StatPearls [Internet].
Persevering with Schooling Exercise
Calcium gluconate is a medicine used within the administration of hypocalcemia, cardiac arrest and cardiotoxicity as a result of hyperkalemia or hypermagnesemia. It’s categorized as a calcium salt. This exercise outlines the indications, motion, and contraindications for calcium gluconate as a useful agent within the administration of hypocalcemia, cardiac arrest, cardiotoxicity as a result of hyperkalemia or hypermagnesemia and different problems as relevant. This exercise will spotlight the mechanism of motion, antagonistic occasions, and different key components (e.g., off-label makes use of, dosing, pharmacodynamics, monitoring, related interactions). The exercise is pertinent for members of the healthcare staff who’re engaged within the administration of hypocalcemia, cardiac arrest, cardiotoxicity as a result of hyperkalemia or hypermagnesemia and associated circumstances.

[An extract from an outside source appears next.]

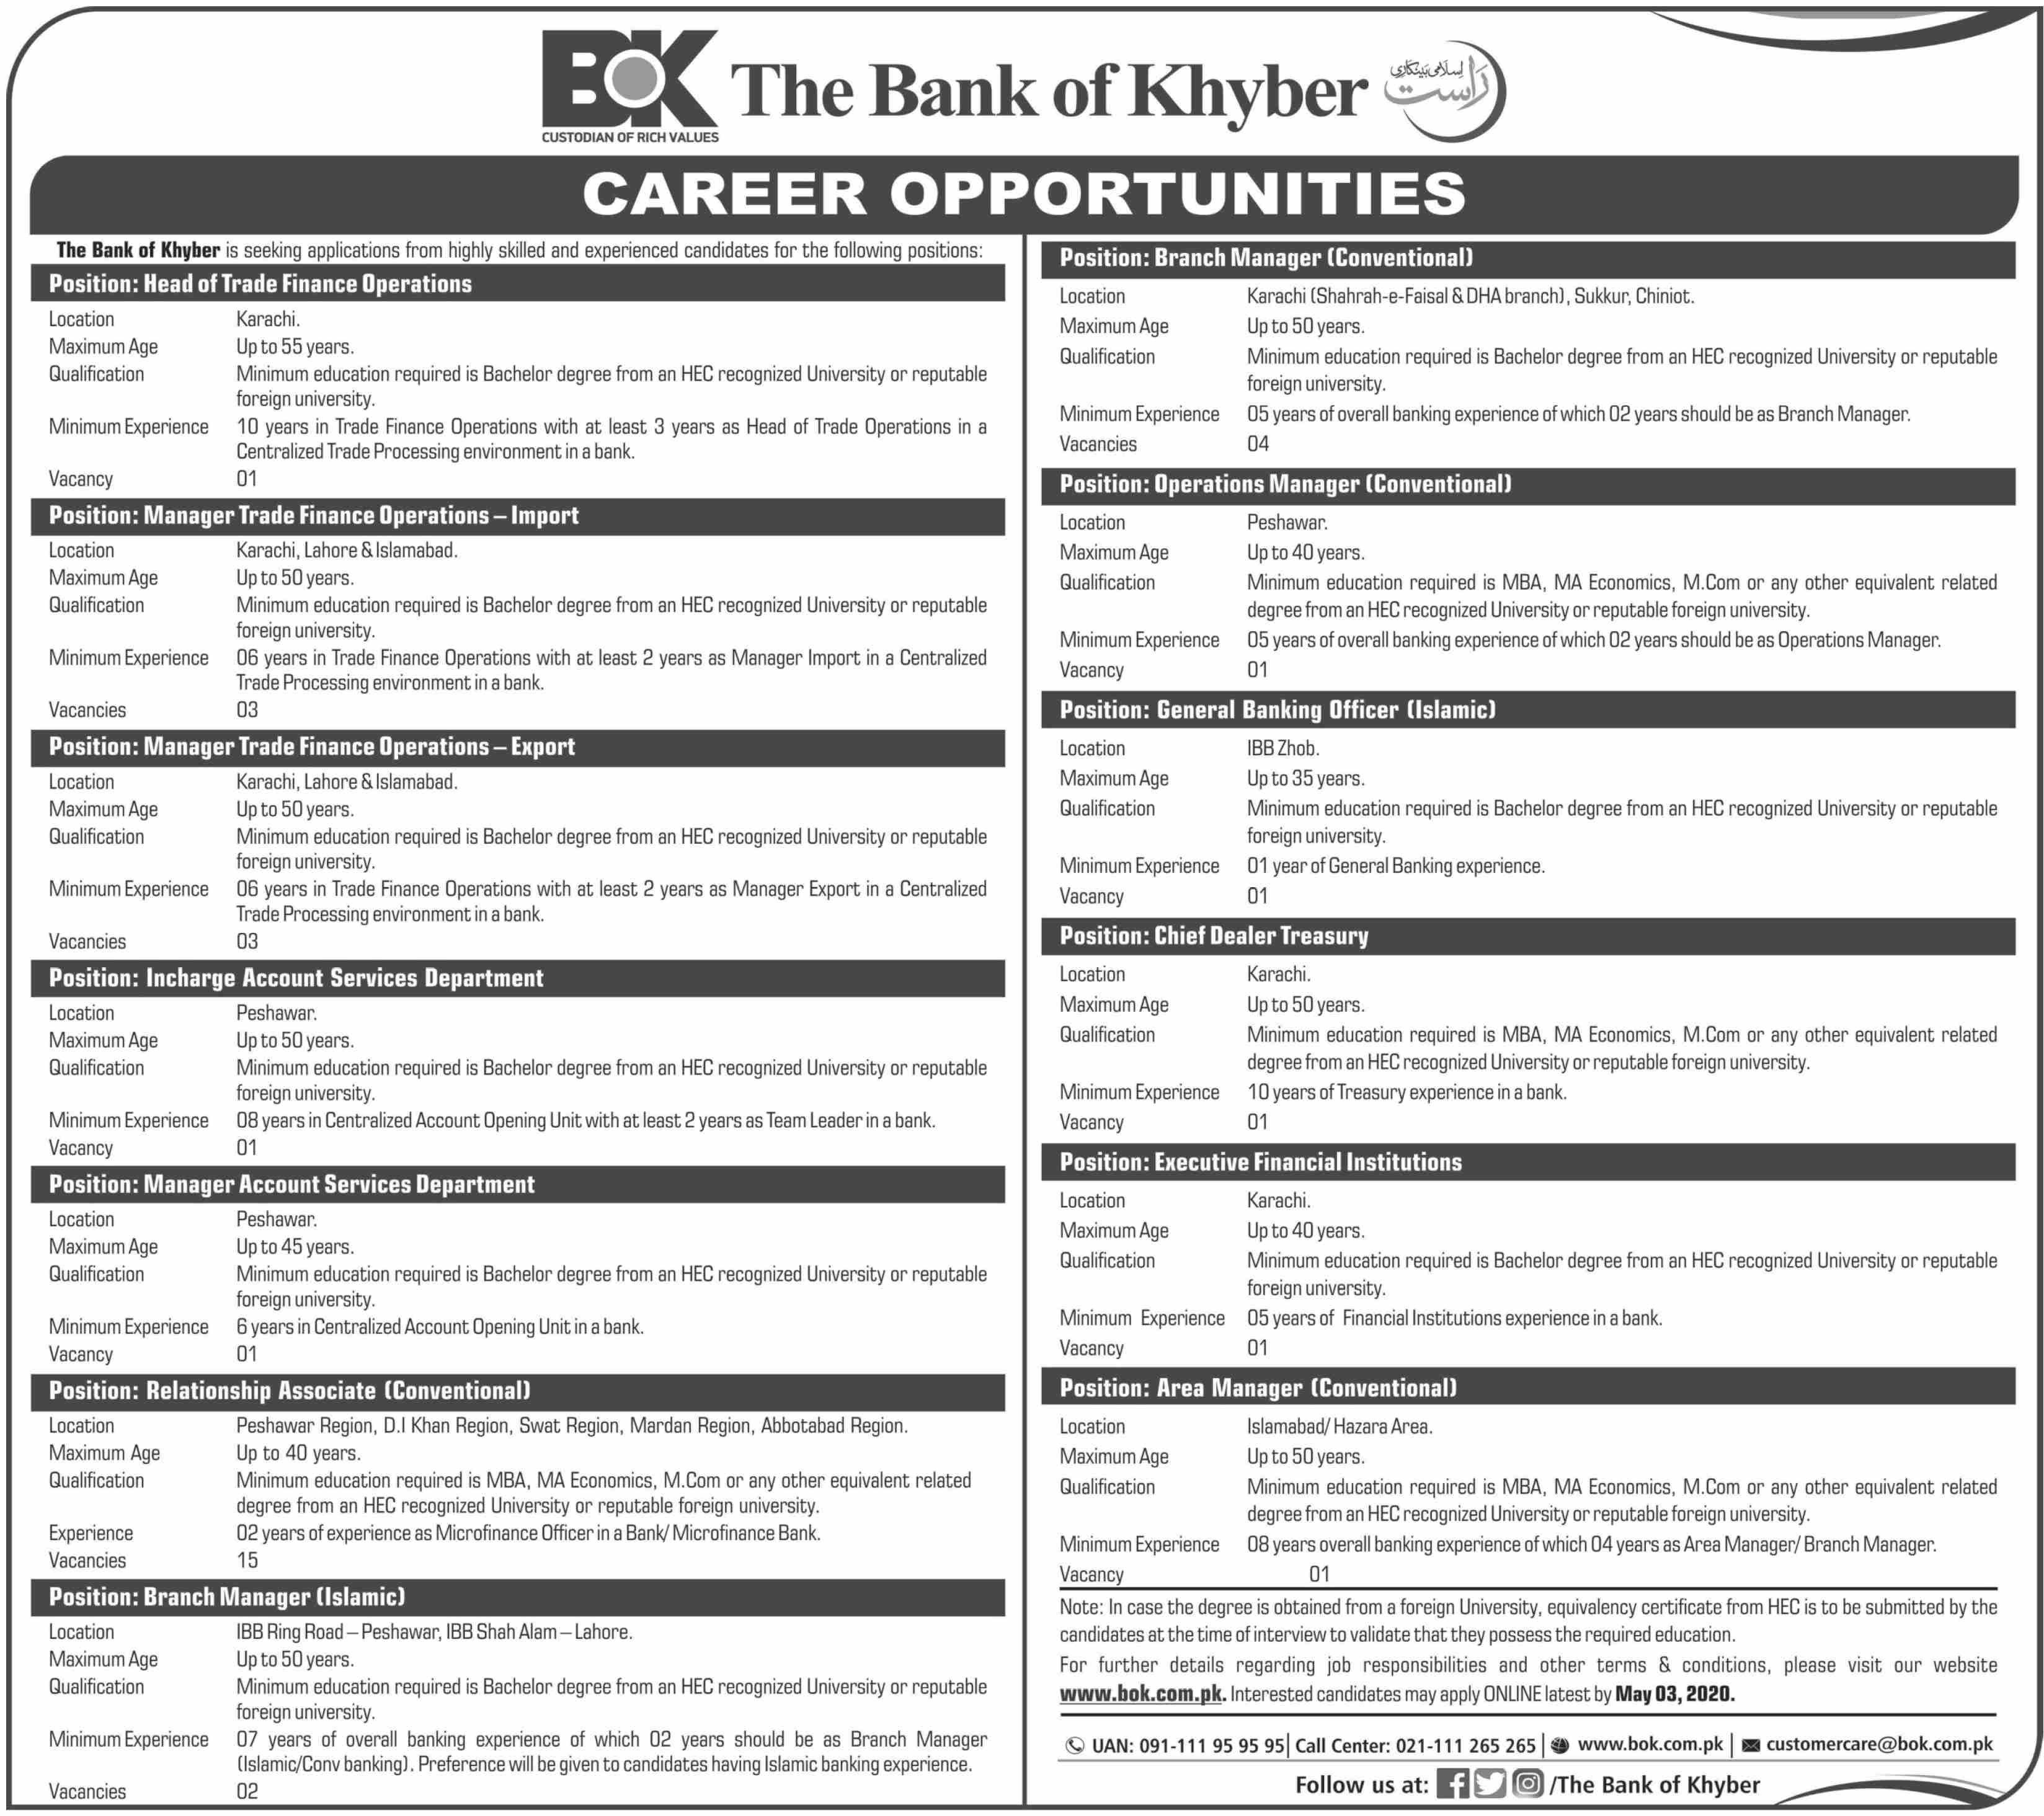 Bank of Khyber announces jobs in multiple cities

Goals:Assessment the mechanism of motion and administration of calcium gluconate as a therapy.Determine indications the place calcium gluconate has a medical function.Summarize the dosing parameters for calcium gluconate remedy.Define interprofessional staff methods for enhancing care coordination and communication when utilizing calcium gluconate in relevant medical eventualities.Earn persevering with schooling credit (CME/CE) on this matter.
Indications
Calcium gluconate is the calcium salt of gluconic acid. Gluconic acid is an oxidation product of glucose. There’s 93 mg of elemental calcium in a ten ml ampoule of 10% calcium gluconate. As compared, there may be 272 mg of elemental calcium in a ten mL of 10% resolution of calcium chloride, one other calcium salt. Calcium gluconate is usually most well-liked over calcium chloride as a result of decrease the chance of tissue necrosis if the fluid is extravasated.[1]
Calcium gluconate is usually administered intravenously (IV) or orally within the therapy of hypocalcemia, cardiac arrest, or cardiotoxicity as a result of hyperkalemia or hypermagnesemia.[1][2] Calcium gluconate has additionally been used off-label within the administration of β-blocker toxicity, calcium-channel blocker (CCB) toxicity, magnesium toxicity, and hydrofluoric acid burns.[2][3][4][5]
Mechanism of Motion – “calcium gluconate iv”
Hypocalcemia
Calcium gluconate is a calcium salt that’s used to instantly replete serum calcium ranges in circumstances of hypocalcemia by means of IV administration. Hypocalcemia happens in 15 to 88% of hospitalized grownup sufferers, relying on the strategy of measurement (serum or ionized calcium). Nearly all of calcium within the physique resides in bone, with only one% of whole physique shops exchanging with extracellular fluid. Roughly 40% of circulating calcium is sure to protein (e.g., albumin), whereas roughly 50% of circulating calcium is in a physiologically lively kind. The rest 10% of calcium is complexed with anions to kind calcium salts. Scientific manifestations of hypocalcemia depend upon the severity of serum calcium ranges and the speed of decline, with hypocalcemic disaster signs manifesting at an ionized calcium focus of two.8 mg/dL (0.7 mmol/L).[6] Signs embrace circumoral paresthesias, muscle cramps, myalgias, dysphagia, melancholy, confusion, irritability, seizures, tetany, laryngospasm, and hypotension. Bodily examination findings embrace hyperreflexia, carpopedal spasm, Trousseau signal, and Chvostek signal. On EKG, hypocalcemia presents with extended QT interval, however the significance of that is undetermined as it’s uncommon for calcium derangements to be the etiology of cardiac arrest. EKG abnormalities of hypocalcemia, resembling QT prolongation, usually reply to IV calcium gluconate, returning the QT interval to baseline.[1][2][7]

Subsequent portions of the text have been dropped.